EXERCISE DETAILS
Every line of the material is to be returned verbatim. Pictures stay out.

DATASET EXTRACT
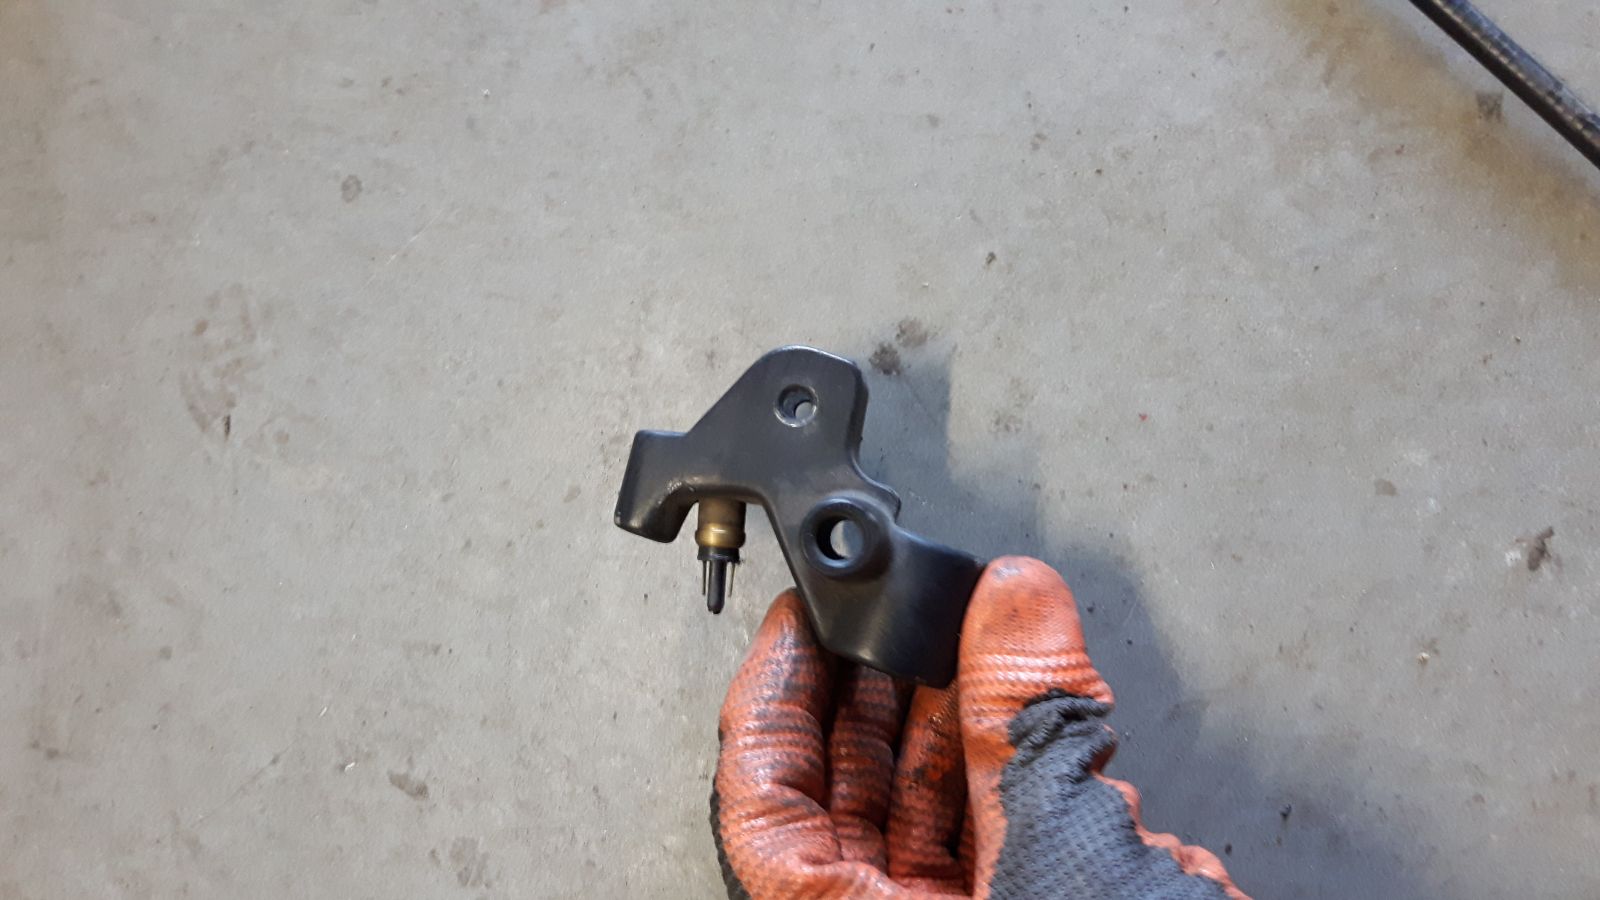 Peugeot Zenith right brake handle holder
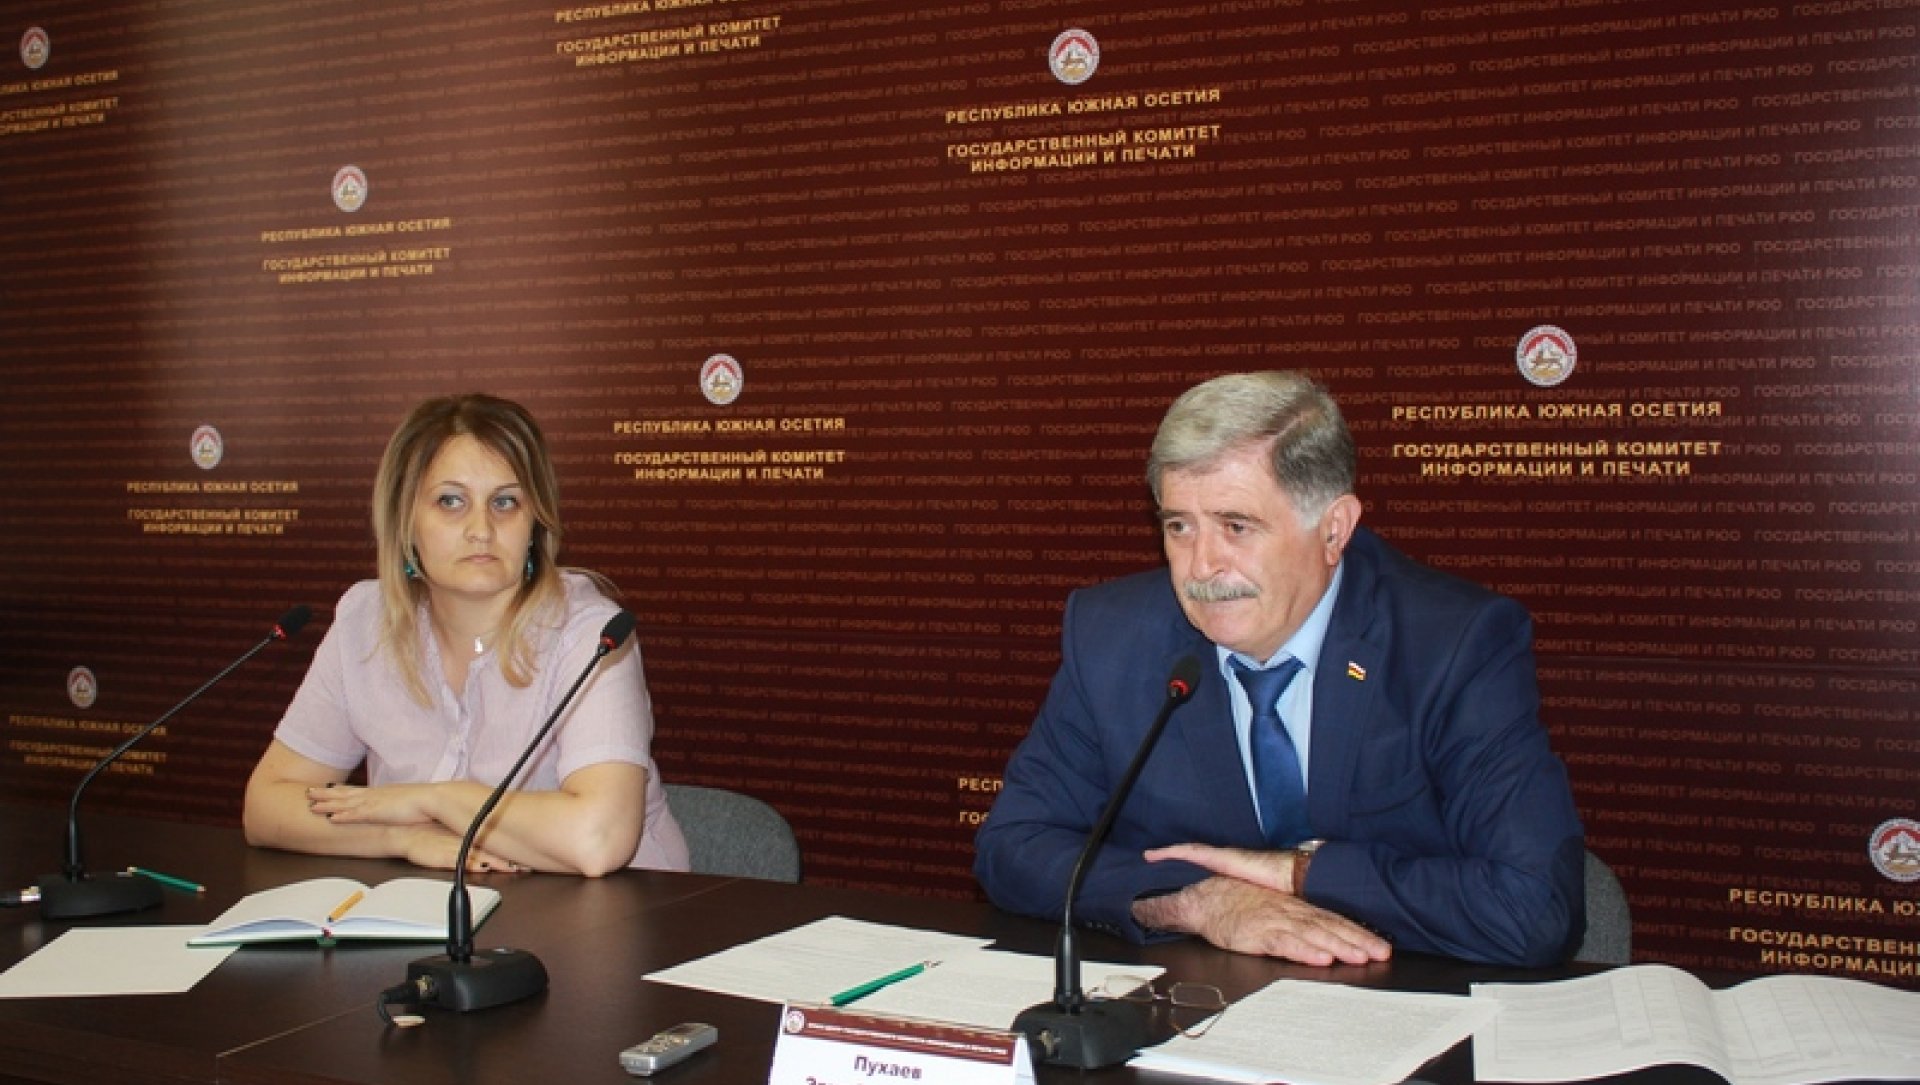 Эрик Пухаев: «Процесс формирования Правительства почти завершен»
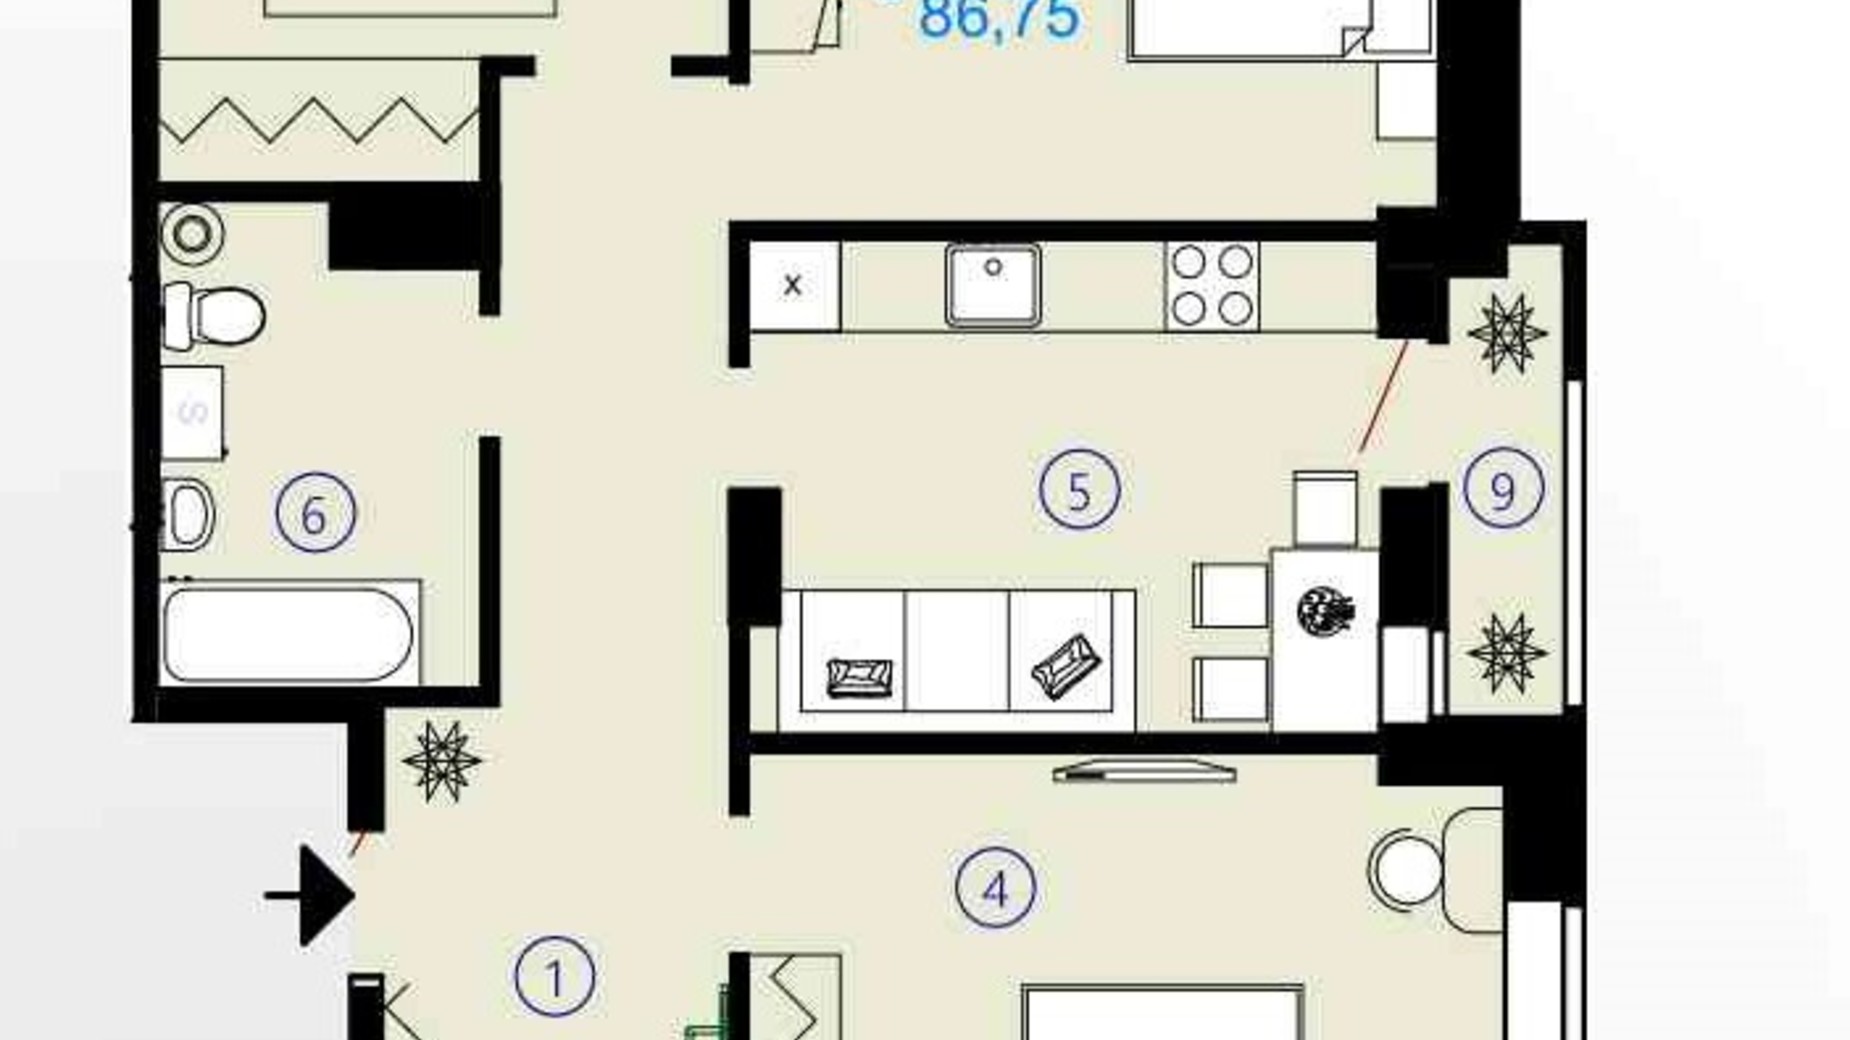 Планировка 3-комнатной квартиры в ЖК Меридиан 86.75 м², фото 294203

EXPECTED ANSWER
 Peugeot Zenith right brake handle holder
 Эрик Пухаев: «Процесс формирования Правительства почти завершен»
 Планировка 3-комнатной квартиры в ЖК Меридиан 86.75 м², фото 294203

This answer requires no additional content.